Kadeh ekzokrinositleri (exocrinocyti caliciformes) mukoza salgıları üreten tek hücreli bezlerdir. Büyütülmüş apikal kısımda hücre bir sır biriktirir ve daralmış bazal kısımda çekirdek, endoplazmik retikulum ve Goldka aparatı bulunur. Goblet hücreleri, sütunlu epitel hücreleri ile çevrelenmiş, tek başına villus yüzeyinde bulunur. Kadeh hücrelerinin sırrı, bağırsak mukozasının yüzeyini nemlendirmeye hizmet eder ve böylece yiyecek parçacıklarının hareketine yardımcı olur.

Endokrinositler (endokrinosit dastrointestinaller), bir sınır ile kolumnar epitel hücreleri arasında tek tek dağılmıştır. İnce bağırsağın endokrinositleri arasında EC-, A-, S-, I-, G-, D-hücreleri ayırt edilir. Sentetik aktivitelerinin ürünleri, salgılama, emilim ve bağırsak hareketliliği üzerinde lokal bir etkiye sahip olan bir dizi biyolojik olarak aktif maddelerdir.

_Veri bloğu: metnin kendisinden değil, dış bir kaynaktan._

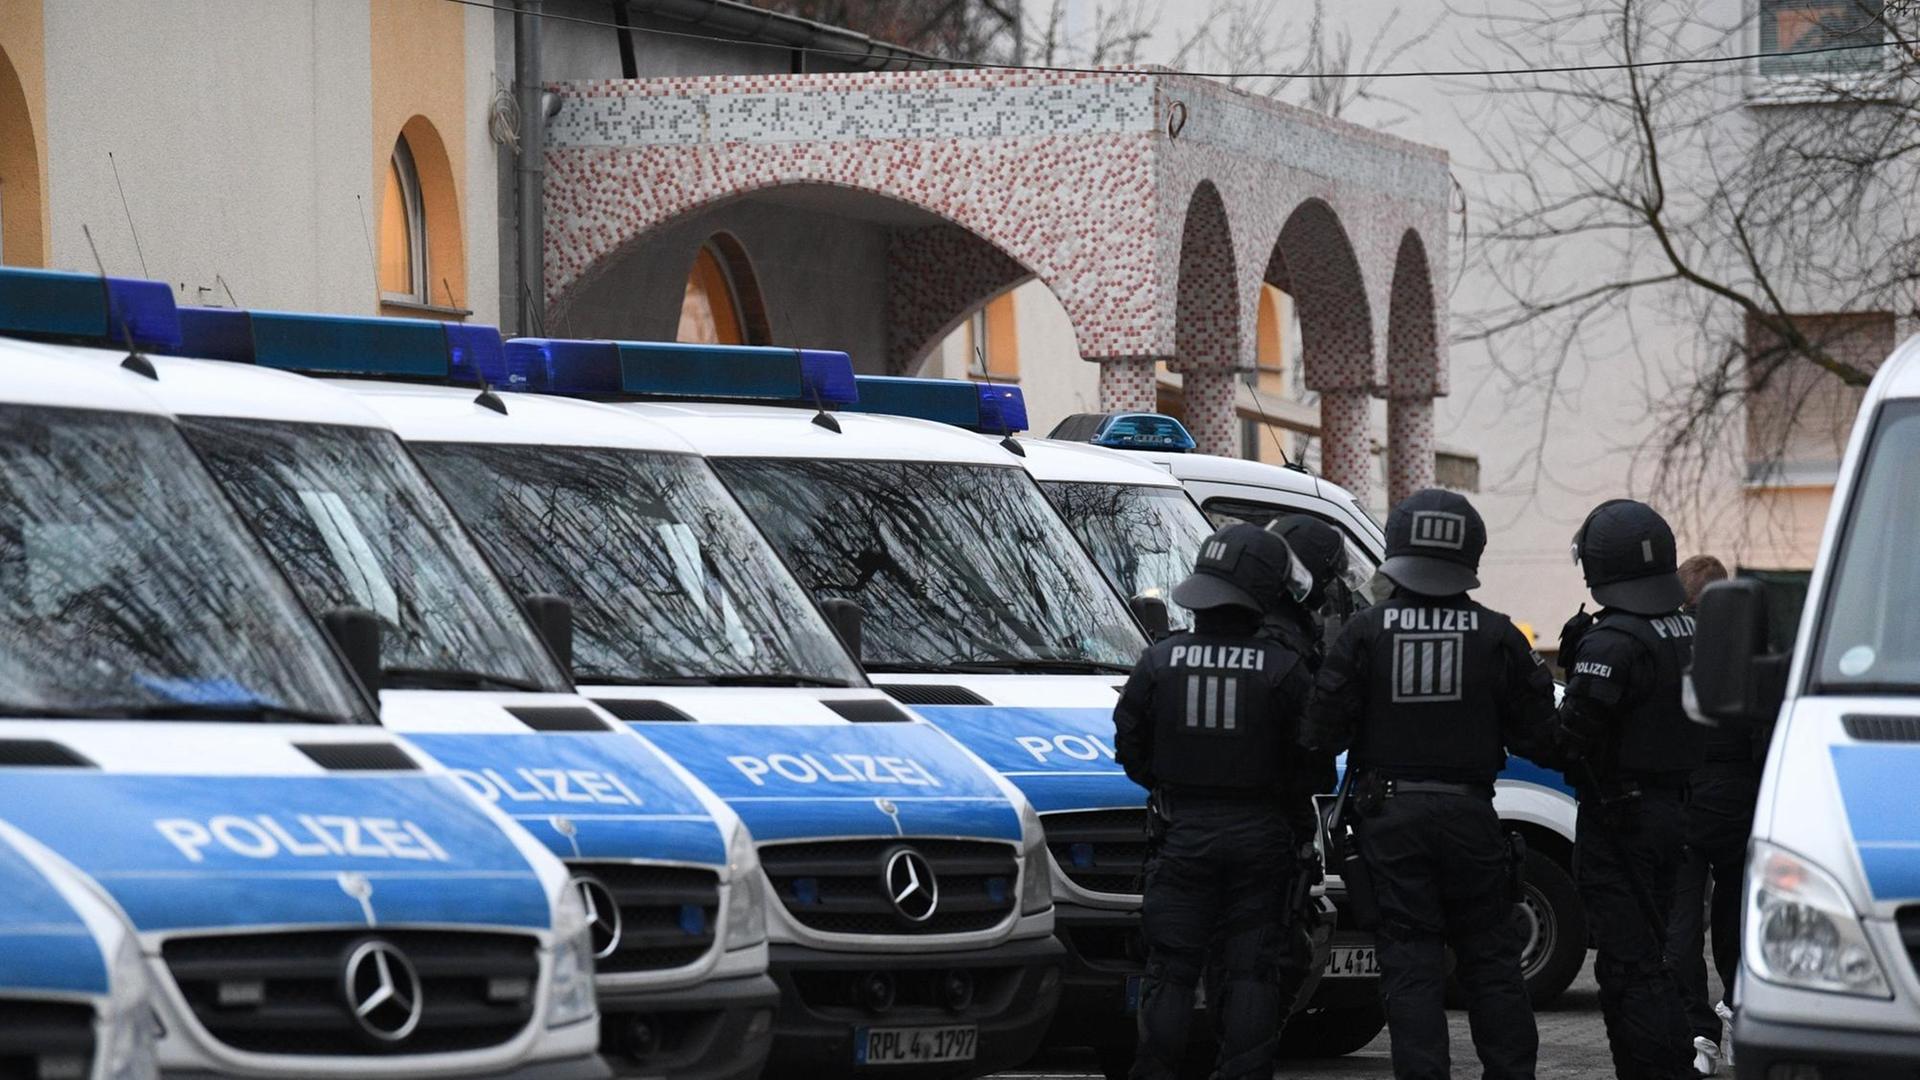 Polizisten stehen auf dem Gelände der Bilal Moschee in Frankfurt am Main an ihren Fahrzeugen. Die Polizei hat landesweit 54 Objekte durchsucht.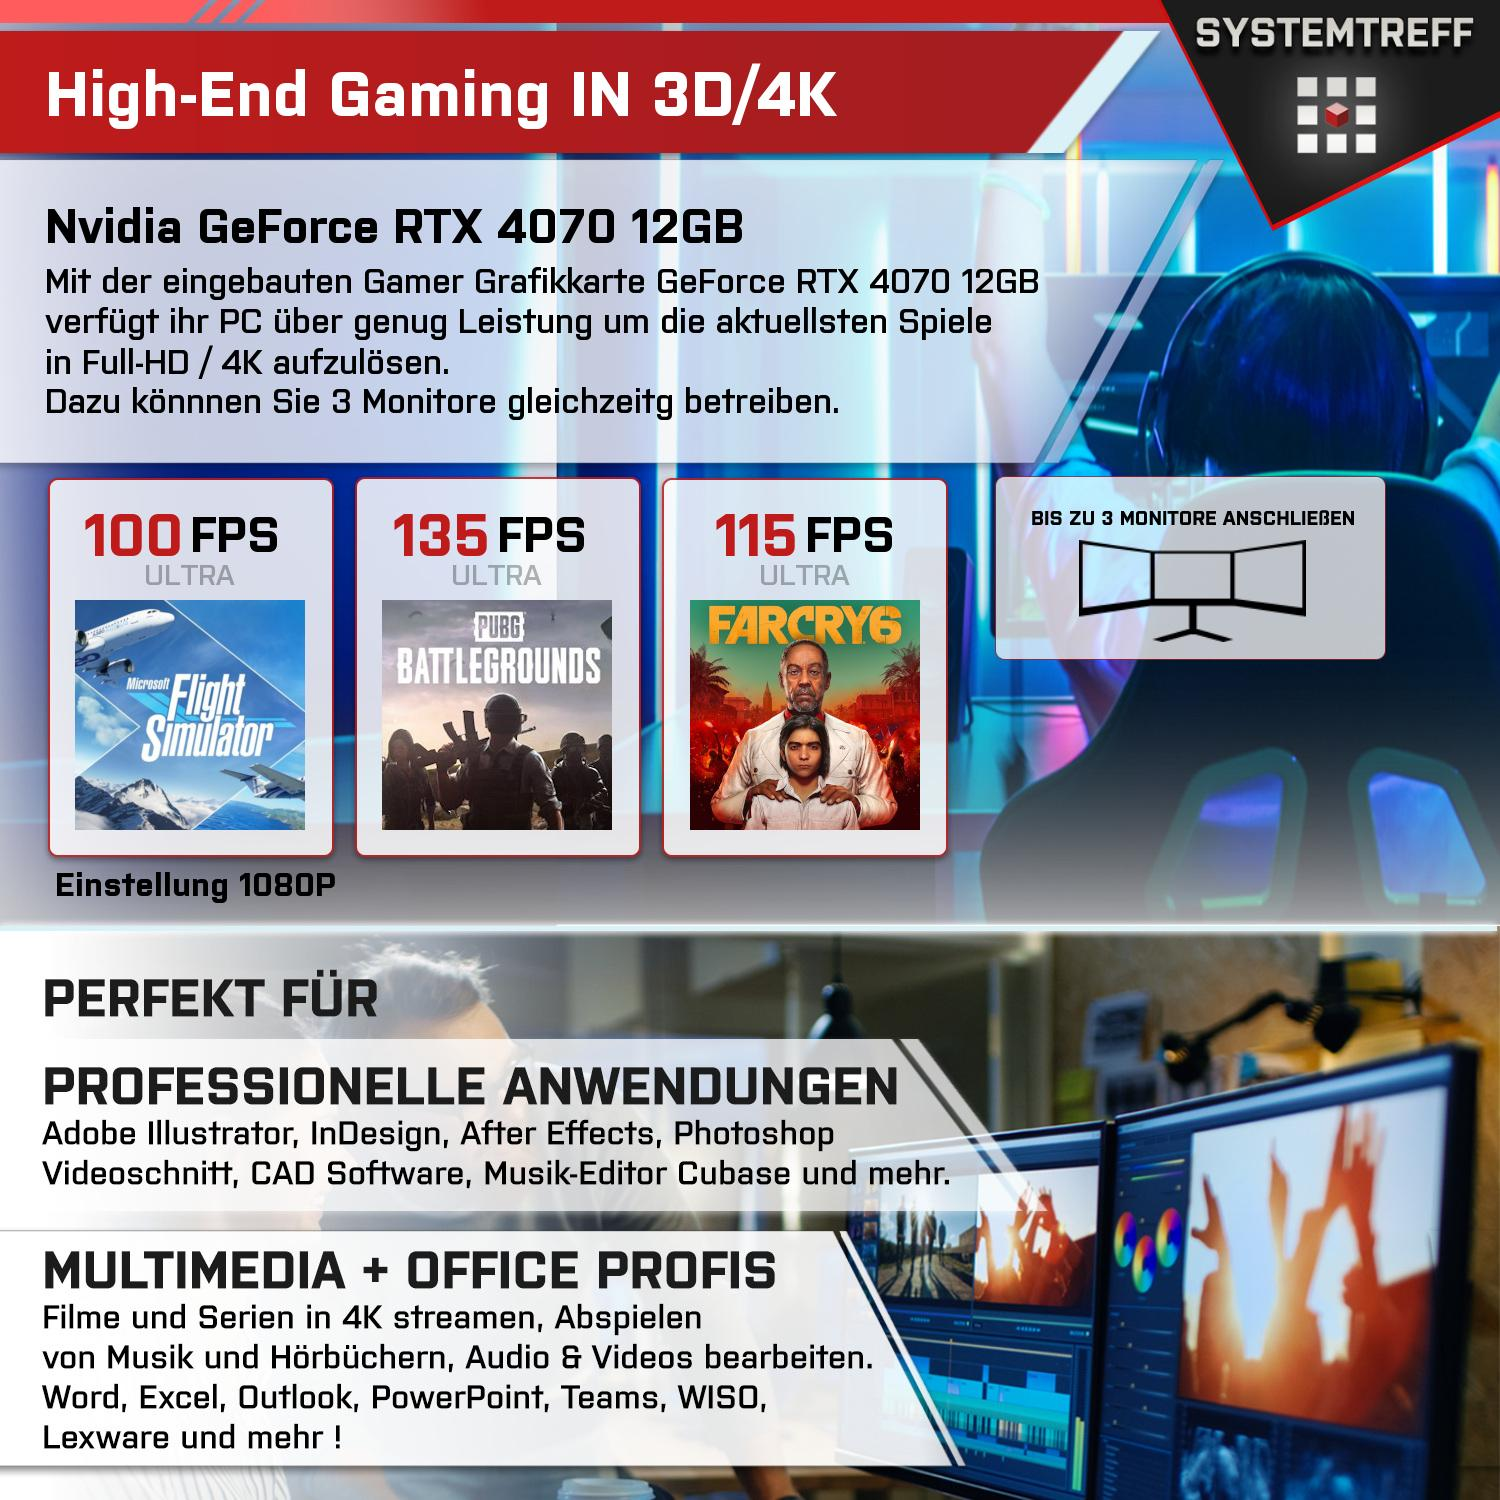 SYSTEMTREFF Gaming Komplett 1000 GeForce 5800X3D, Ryzen GB mSSD, 12GB 4070 Komplett RTX Nvidia AMD 7 GB 32 GDDR6, mit 5800X3D Prozessor, RAM, 12 GB PC

Bağırsak kriptaları - Bunlar, bağırsak mukozasının lamina propriasındaki epitelin tübüler çöküntüleridir. Mahzenin girişi, bitişik villinin tabanları arasında açılır. Kriptaların derinliği 0,3-0,5 mm, çap ise yaklaşık 0,07 mm'dir. İnce bağırsak, villusla birlikte yaklaşık 150 milyon kript içerir, bunlar ince bağırsağın işlevsel olarak aktif alanını önemli ölçüde artırır. Crypt epitel hücreleri arasında, kenarlı kolumnar hücrelere, goblet hücrelerine ve endokrinositlere ek olarak, aynı zamanda bir sınırı olmayan kolumnar epitel hücreleri ve asidofilik granülerliğe sahip ekzokrinositler (Paneth hücreleri) vardır.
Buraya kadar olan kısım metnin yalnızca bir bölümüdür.